I wouldn't kick that out of the sarcophagus for eating crackers!

Unlike the vampire, which is pretty much always sexy, and the werewolf, which is at least animalistic (and therefore kind of sexy in an out-of-control way), the mummy is traditionally depicted as a withered and desiccated near-corpse wrapped from head to foot in bandages.  And while those wrappings would have obvious applications for the S&M and/or medical fetish crowd, that’s a few shades bluer than the paranormal romance genre is typically willing to work.  Luckily, the Brendan Frasier Mummy franchise presented us with a convenient way out, which is to just have the mummy look like a hot vaguely middle-eastern guy. (Well, South African, but who’s counting?)  So yeah, let’s go with that.  Since horror mummies are almost invariably aristocrats, our hypothetical Teen Mummy is probably hella rich, which is all to the good — the fact that the Cullen family was disgustingly wealthy was always a powerful argument in favor of Team Edward.   The traditional mummy plot, in which a person currently living is a dead ringer for the mummy’s old flame, would also translate nicely into a highschool setting.  There is one big problem facing this monster, though, which is that once you take away the Egyptian setting (which, for a set-in-an-American-highschool adaptation, you kiiiiiind of have to), and once you take away the desiccated corpse wrapped in bandages thing (which as we’ve established, is fatally unsexy), there’s not much left TO the mummy mythos.  They have ancient Egyptian magic, I guess?  They, uh, have curses on their tombs?  (A non-starter, unless you do something really contrived where the protagonist ends up getting cursed on a field trip or a summer trip to an archaeological dig.)  They cause a rotting sickness that does constitution damage over time?  Look, making up new random bulls%!# attributes for your monsters is an important part of the paranormal romance genre, but ideally you want your mythology to have a ratio of no more than 75% random nonsense.*  With mummies, you’re looking at 100% random nonsense, and at that point you really have to wonder what if anything you gain by calling your monster a mummy.  Still, let’s put it through the mill and see what happens.

Step 1: Mummy.

Step 2: Hawt Mummy.

Step 3: Anxieties, anxieties…  Uh.  Pillaging the treasures of the orient might have unwholesome consequences?  Like I said, updating this one for the modern day becomes kind of a problem.
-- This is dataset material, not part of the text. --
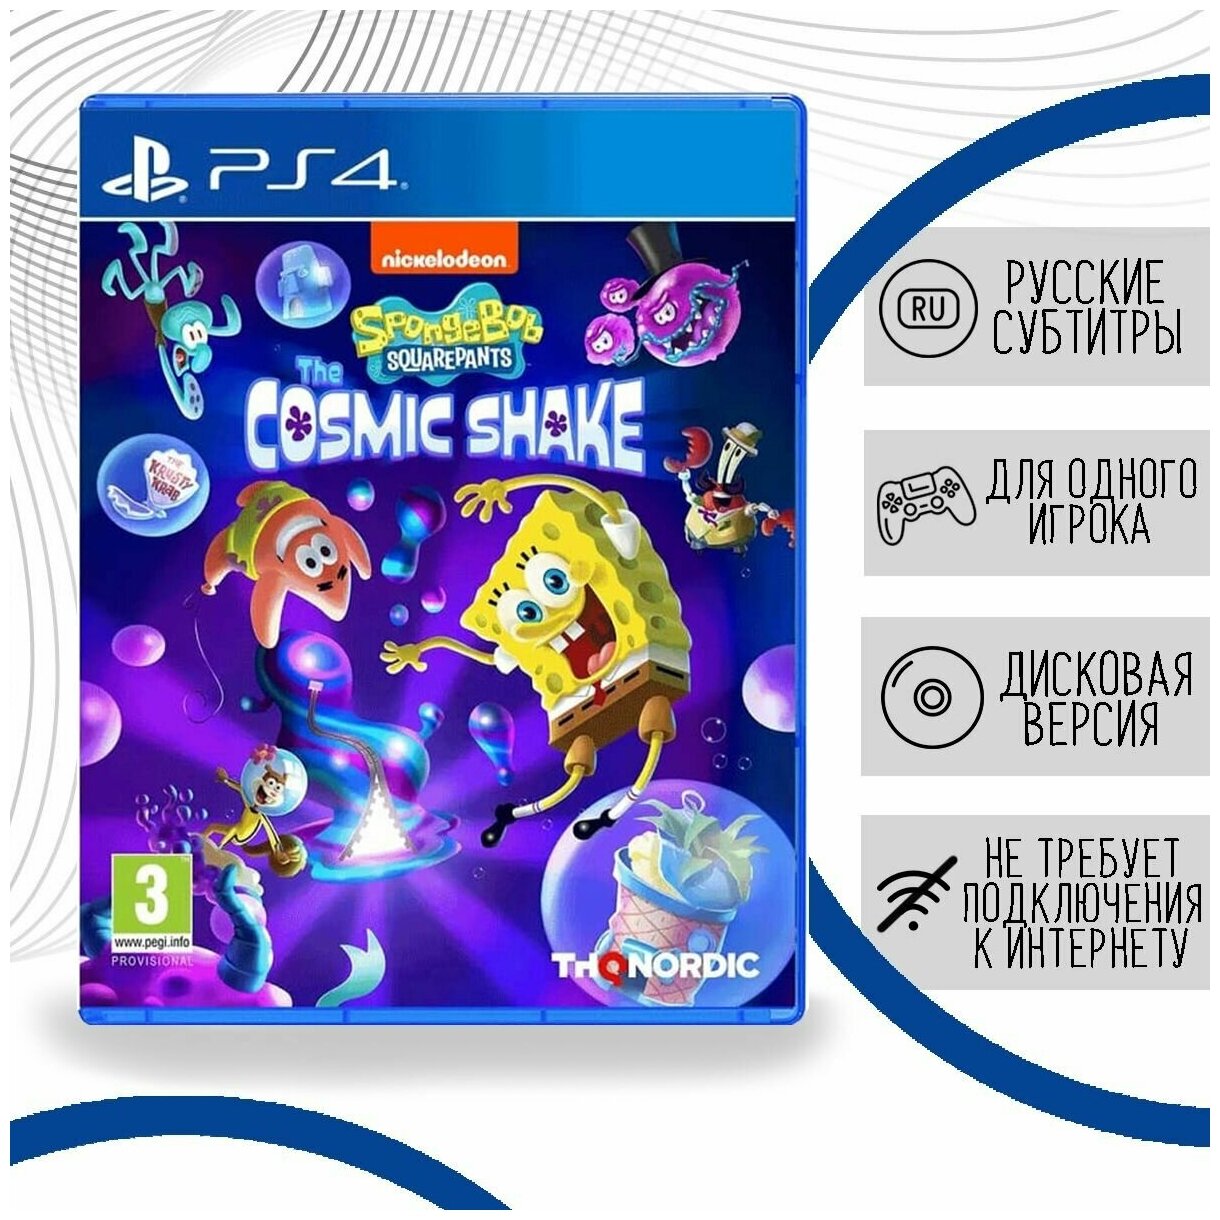 SpongeBob SquarePants: The Cosmic Shake (PS4 русские субтитры)

Step 4: But since we’ve made our bed, fine.  The paranormal romance version has to be that pillaging the treasures of the orient actually has awesome consequences, like getting a magical boyfriend/girlfriend in see-through harem pants,

Step 5: who loves only you, and caters to your every whim.  And of course despite the harem pants, all the main couple ever indulges in is the occasional chaste kiss.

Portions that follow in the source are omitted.